While PPAP certification is not necessarily required for non-automotive manufacturers, PPAP certification is required for all Tier 1 automotive manufacturers when introducing new products to the market, or when there is a substantial change to an existing product or process. This is because PPAP is part of the APQP (advanced product quality planning) standard, which itself is part of the broader IATF 19649 standard that applies to all automotive manufacturers. Manufacturers outside the automotive industry may elect to obtain PPAP certification to show customers that they can produce consistently high-quality products and are responsive to their needs.
The Automotive Industry Action Group (AIAG) issues PPAP certifications and has developed a common standard for the process.
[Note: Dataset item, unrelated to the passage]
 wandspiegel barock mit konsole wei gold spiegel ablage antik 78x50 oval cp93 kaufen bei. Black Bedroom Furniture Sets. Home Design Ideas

However, some OEMs have distinct requirements that supplement the PPAP standard established by the AIAG. The PPAP standard was created by AIAG with input from the “Big 3” American automotive manufacturers. Since then, PPAP use has expanded to a number of industries beyond the automotive sector.
Several certifications and accreditations similar to PPAP exist. Like PPAP, these can be used to assure customers of a product’s quality and a manufacturer’s capability to produce them. Some certifications and accreditations similar to PPAP are listed below.
- Certificate of Compliance (CoC): Similar to a PPAP submission, a certificate of compliance is a document that attests that the quality of a particular product satisfies individual customer or industry requirements. CoCs are issued by a third party unrelated to the manufacturer.
- Material Test Report (MTR): MTRs are certified documents that show that material is compliant with regulatory or industry standards. MTRs are issued by the material manufacturer and accompany the material as it progresses through the supply chain and is fabricated into complete parts.
- Initial Sample Inspection Report (ISIR): An ISIR certification is usually issued to a customer the first time a product is supplied to them by a manufacturer, but before mass manufacturing begins. ISIRs are documents that show customers that the product meets their quality requirements, and include items such as dimensions, quality test results, and more.
- First Article Inspection (FAI): FAI is similar to ISIR except that FAIs are verified by an authorized third party such as a laboratory. FAIs apply to a batch of parts from the first production run of a new part. These parts are inspected in a laboratory using special measuring equipment where the third party verifies whether the part’s dimensions and function satisfy the customer’s requirements.